## COLLECTED DATA
══════════
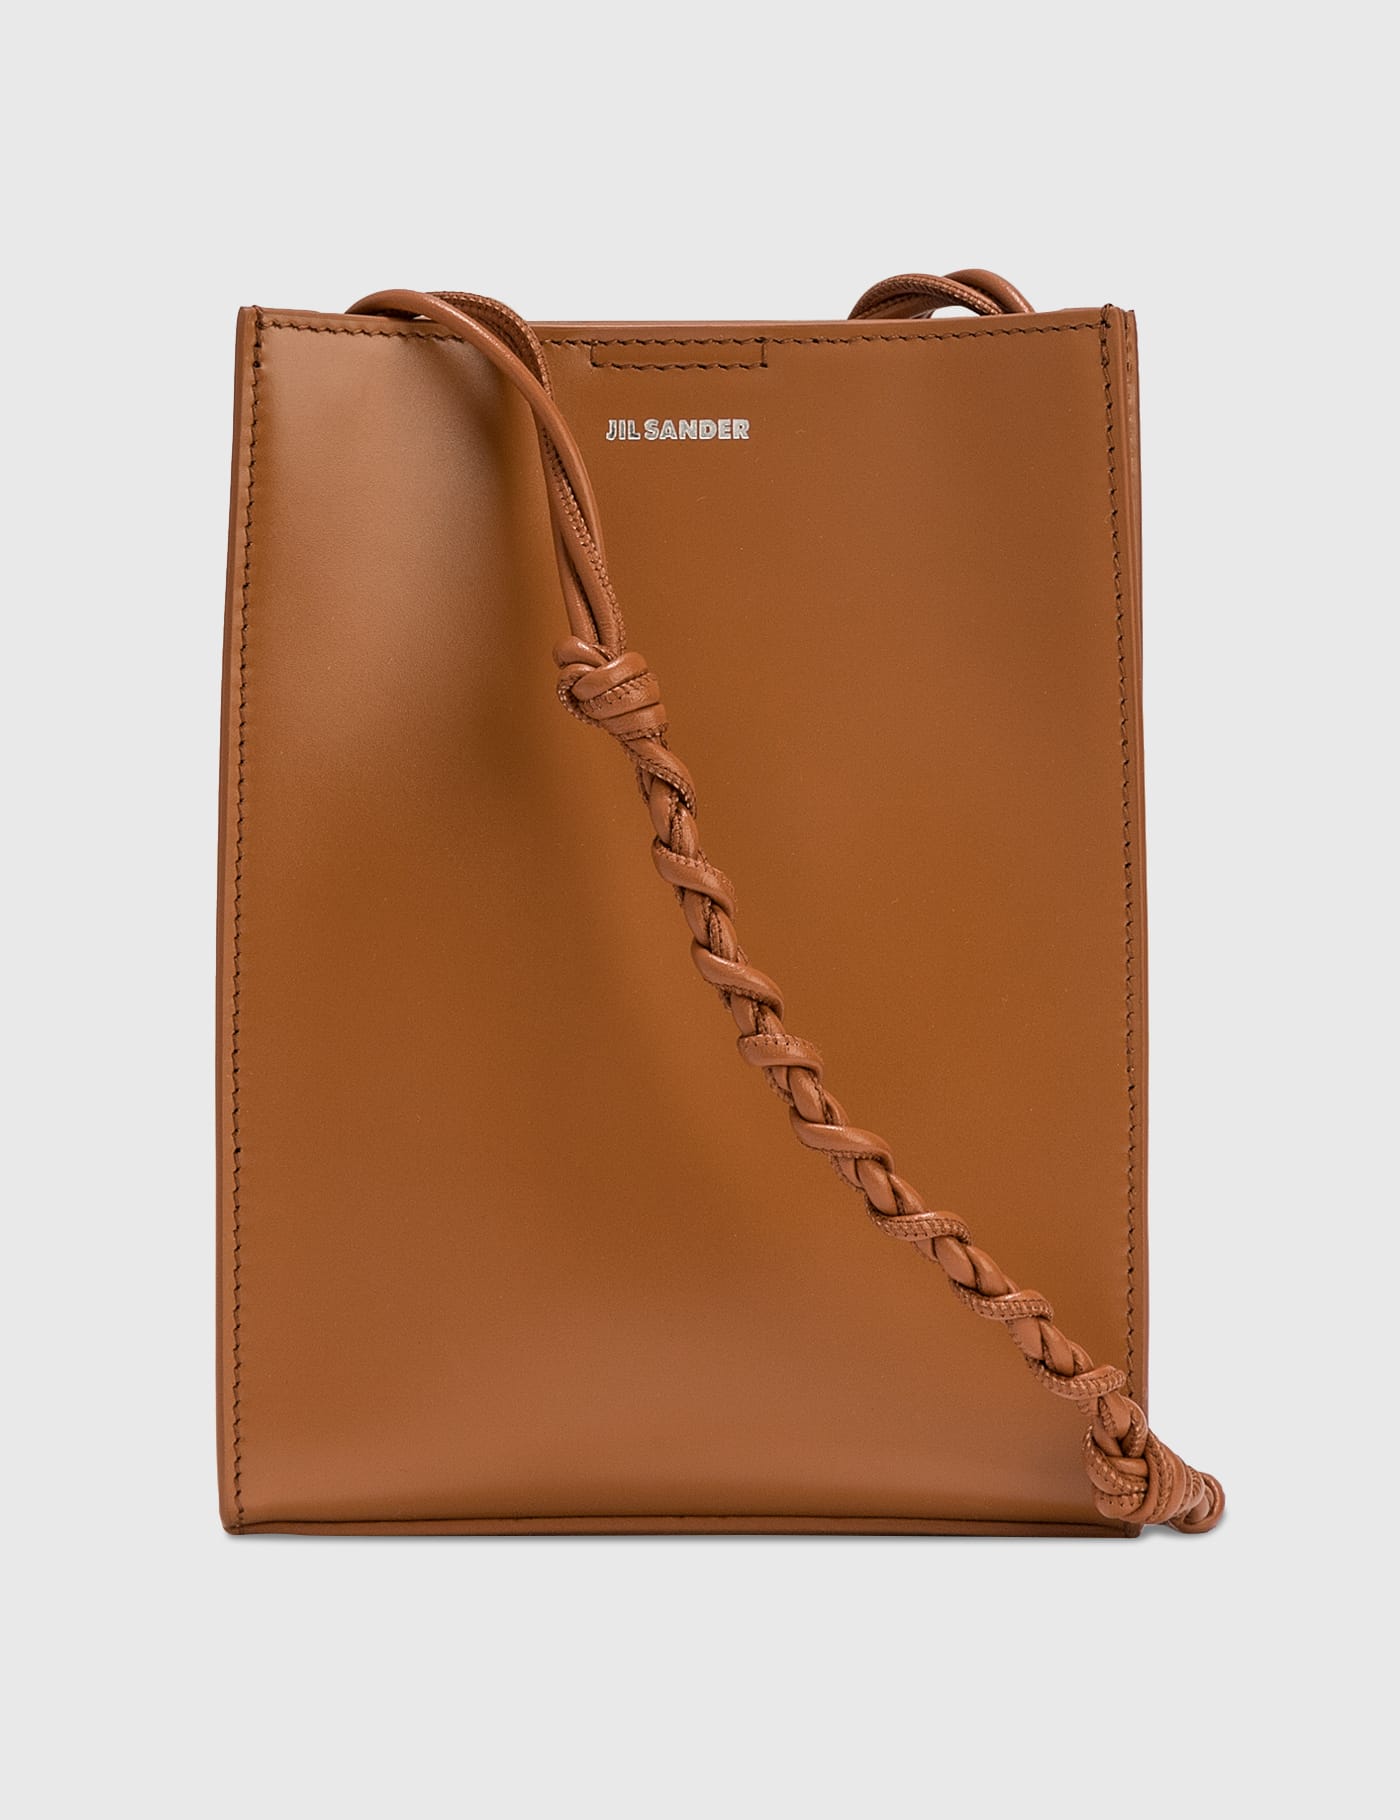 Jil Sander - Tangle Small Bag | HBX - Globally Curated Fashion and
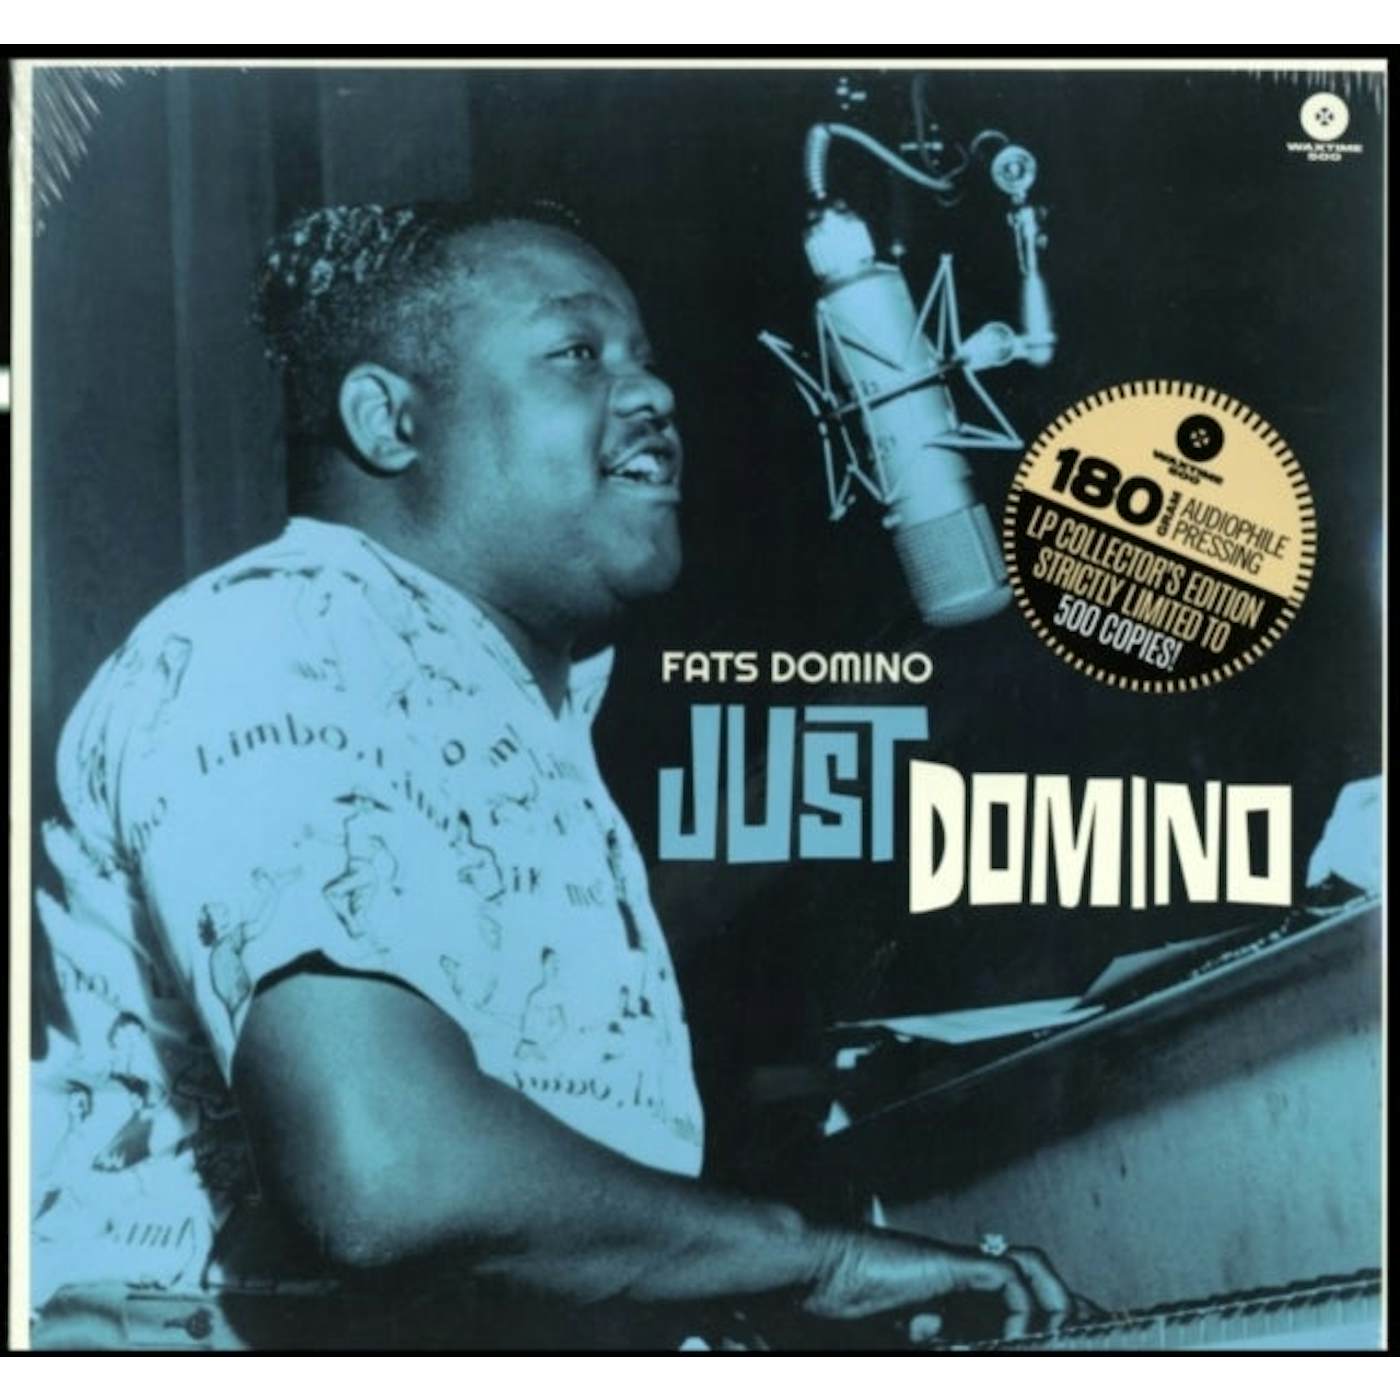 Fats Domino LP Vinyl Record - Just Domino
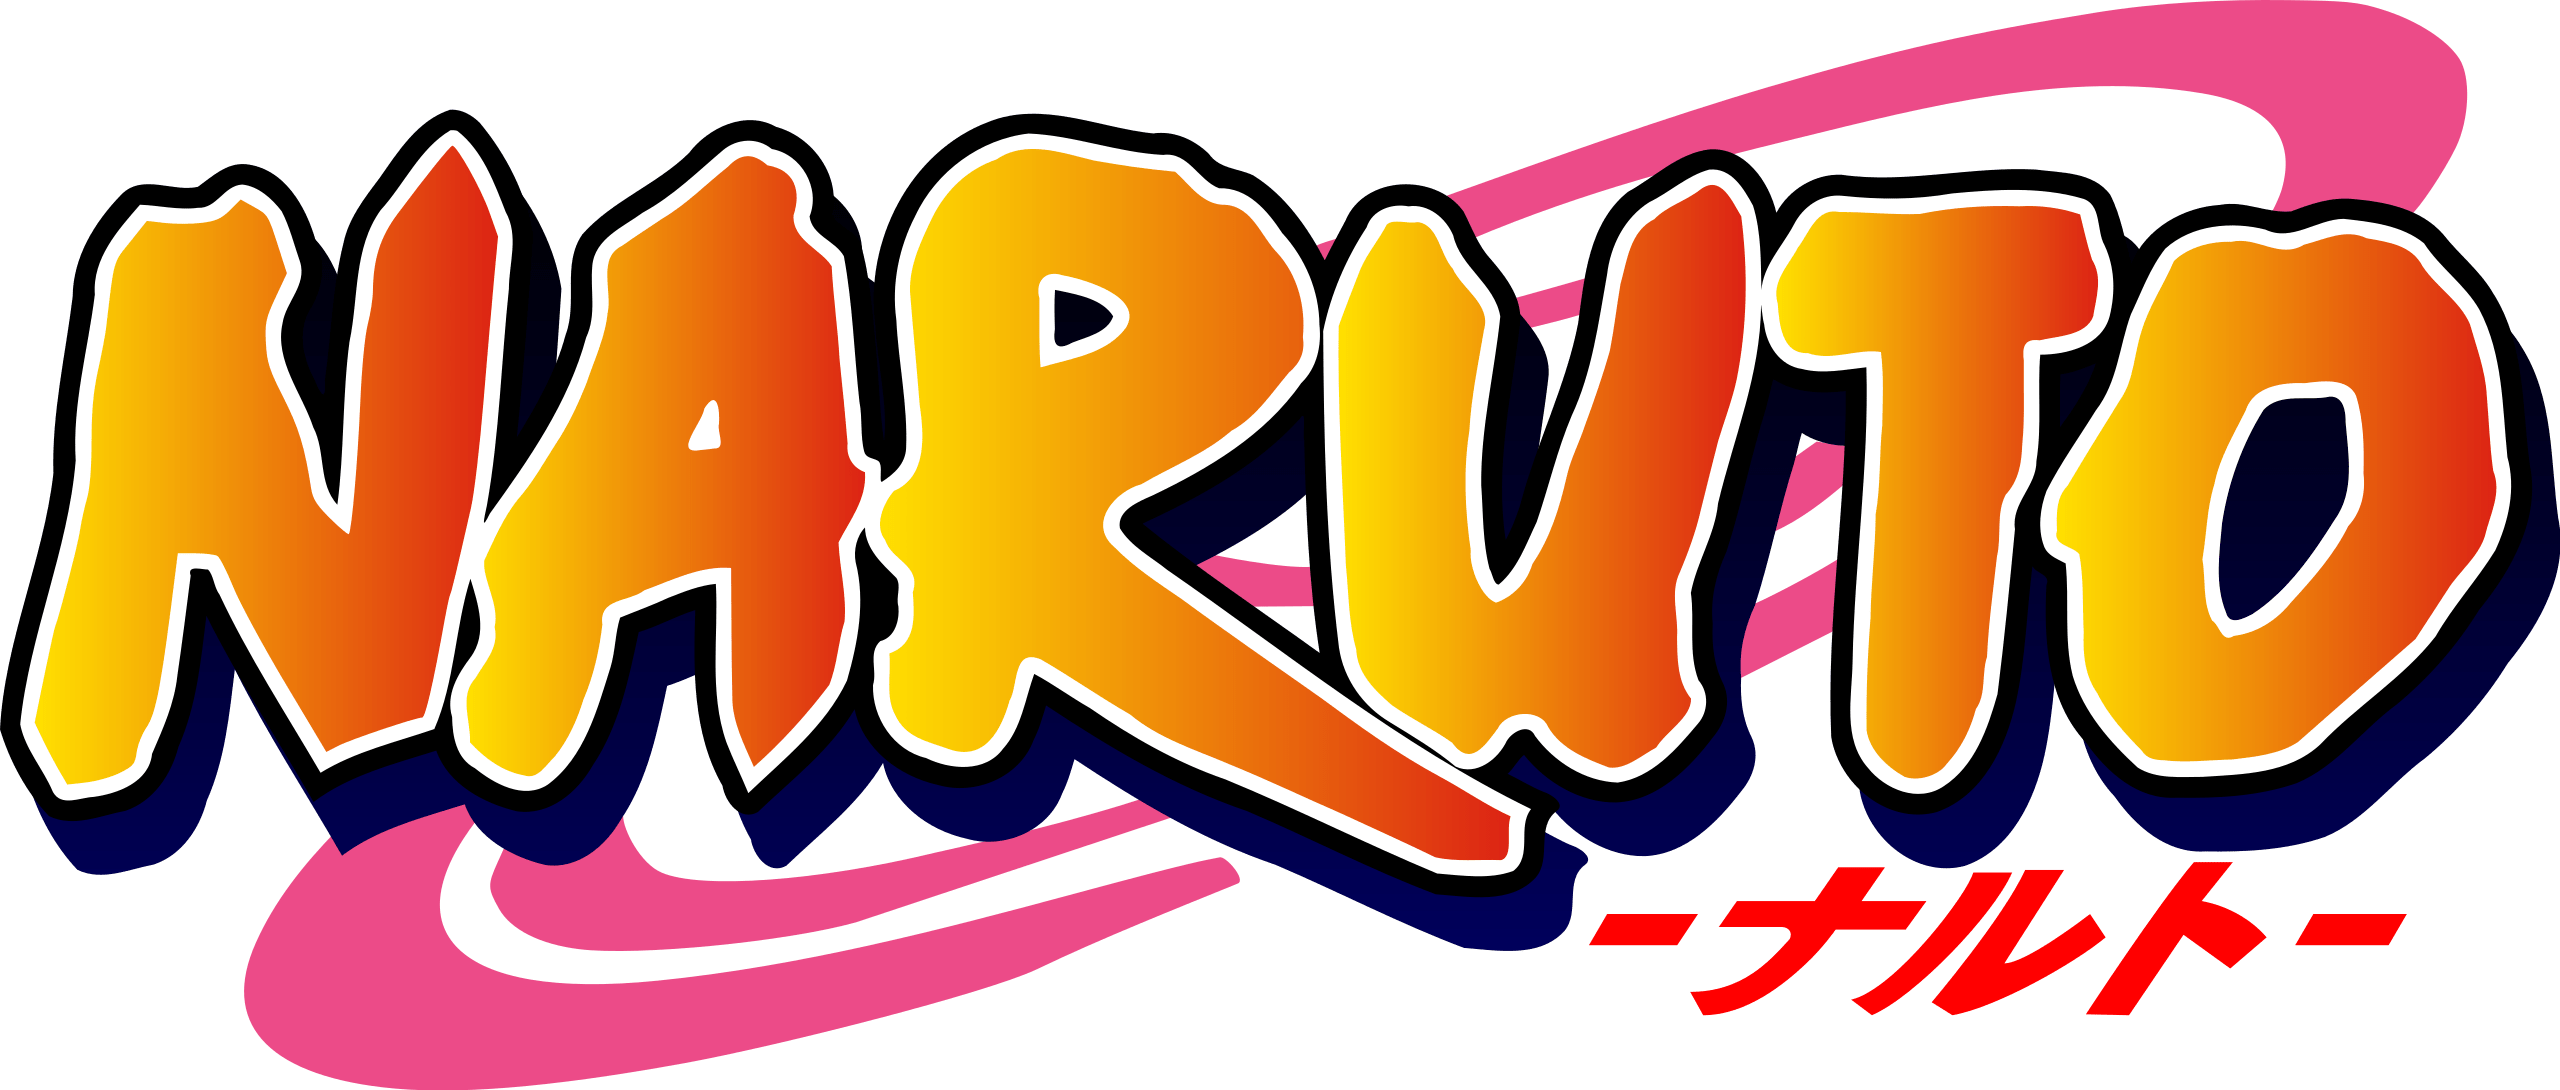 Naruto logo.svg
══════════
## ASSIGNMENT
Word for word, return the material above, but drop the pictures.

## RESPONSE BOX
 Jil Sander - Tangle Small Bag | HBX - Globally Curated Fashion and
 Fats Domino LP Vinyl Record - Just Domino
 Naruto logo.svg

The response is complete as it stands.